Check out the following Python 2/3 script, which reproduces the behavior I'm seeing:
#!/usr/bin/env python
from __future__ import print_function
import concurrent.futures
import time
def control_c_this():
with concurrent.futures.ThreadPoolExecutor(max_workers=5) as executor:
future1 = executor.submit(wait_a_bit, name="Jack")
future2 = executor.submit(wait_a_bit, name="Jill")
for future in concurrent.futures.as_completed([future1, future2]):
future.result()
print("All done!")
def wait_a_bit(name):
print("{n} is waiting...".format(n=name))
time.sleep(100)
if __name__ == "__main__":
control_c_this()
While this script is running it appears impossible to kill cleanly using the regular Control-C keyboard interrupt. I am running on OS X.
On Python 2.7 I have to resort to kill from the command line to kill the script. Control-C is just ignored.
On Python 3.4, Control-C works if you hit it twice, but then a lot of strange stack traces are dumped.
Most documentation I've found online talks about how to cleanly kill threads with the old threading module. None of it seems to apply here.
And all the methods provided within the concurrent.futures module to stop stuff (like Executor.shutdown() and Future.cancel()) only work when the Futures haven't started yet or are complete, which is pointless in this case. I want to interrupt the Future immediately.

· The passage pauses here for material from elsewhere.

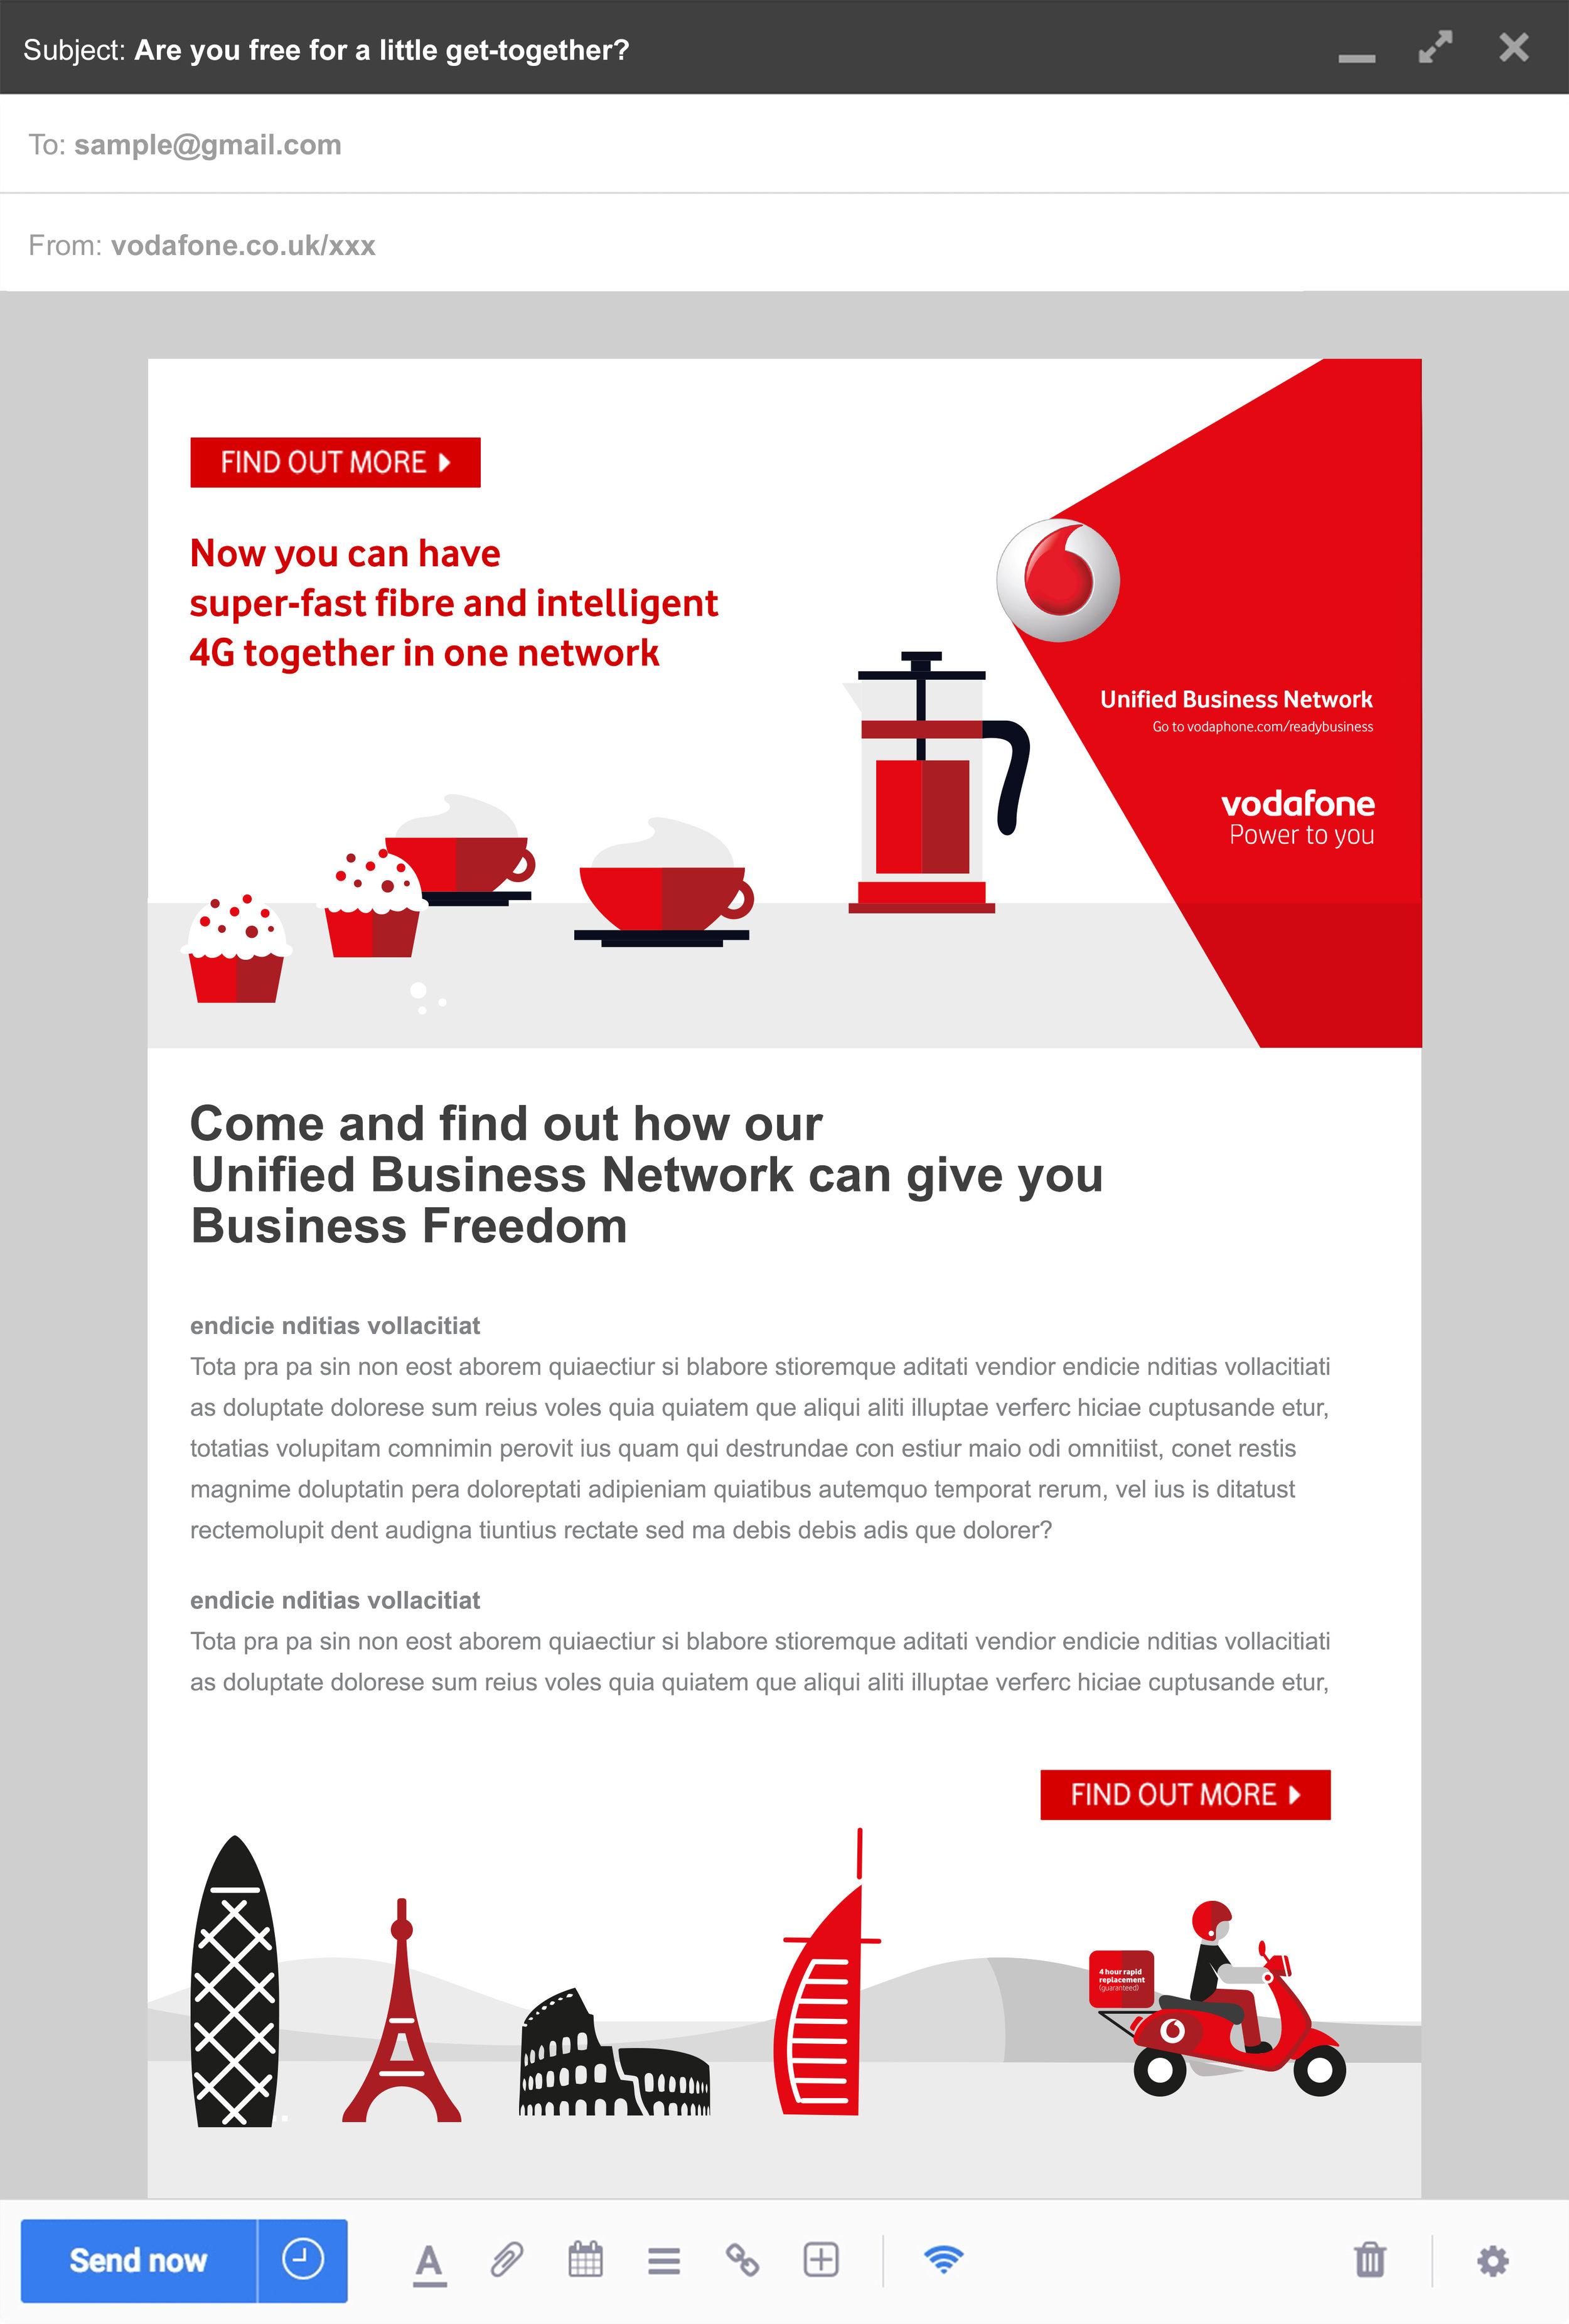 vodafone email template_get together.jpg

My use case is simple: When the user hits Control-C, the script should exit immediately like any well-behaved script does. That's all I want.
So what's the proper way to get this behavior when using concurrent.futures?
It's kind of painful. Essentially, your worker threads have to be finished before your main thread can exit. You cannot exit unless they do. The typical workaround is to have some global state, that each thread can check to determine if they should do more work or not.
Here's the quote explaining why. In essence, if threads exited when the interpreter does, bad things could happen.
Here's a working example. Note that C-c takes at most 1 sec to propagate because the sleep duration of the child thread.
#!/usr/bin/env python
from __future__ import print_function
import concurrent.futures
import time
import sys
quit = False
def wait_a_bit(name):
while not quit:
print("{n} is doing work...".format(n=name))
time.sleep(1)
def setup():
executor = concurrent.futures.ThreadPoolExecutor(max_workers=5)
future1 = executor.submit(wait_a_bit, "Jack")
future2 = executor.submit(wait_a_bit, "Jill")
# main thread must be doing "work" to be able to catch a Ctrl+C
# http://www.luke.maurits.id.au/blog/post/threads-and-signals-in-python.html
while (not (future1.done() and future2.done())):
time.sleep(1)
if __name__ == "__main__":
try:
setup()
except KeyboardInterrupt:
quit = True
I encountered this, but the issue I had was that many futures (10's of thousands) would be waiting to run and just pressing Ctrl-C left them waiting, not actually exiting. I was using concurrent.futures.wait to run a progress loop and needed to add a try ... except KeyboardInterrupt to handle cancelling unfinished Futures.
POLL_INTERVAL = 5
with concurrent.futures.ThreadPoolExecutor(max_workers=MAX_WORKERS) as pool:
futures = [pool.submit(do_work, arg) for arg in large_set_to_do_work_over]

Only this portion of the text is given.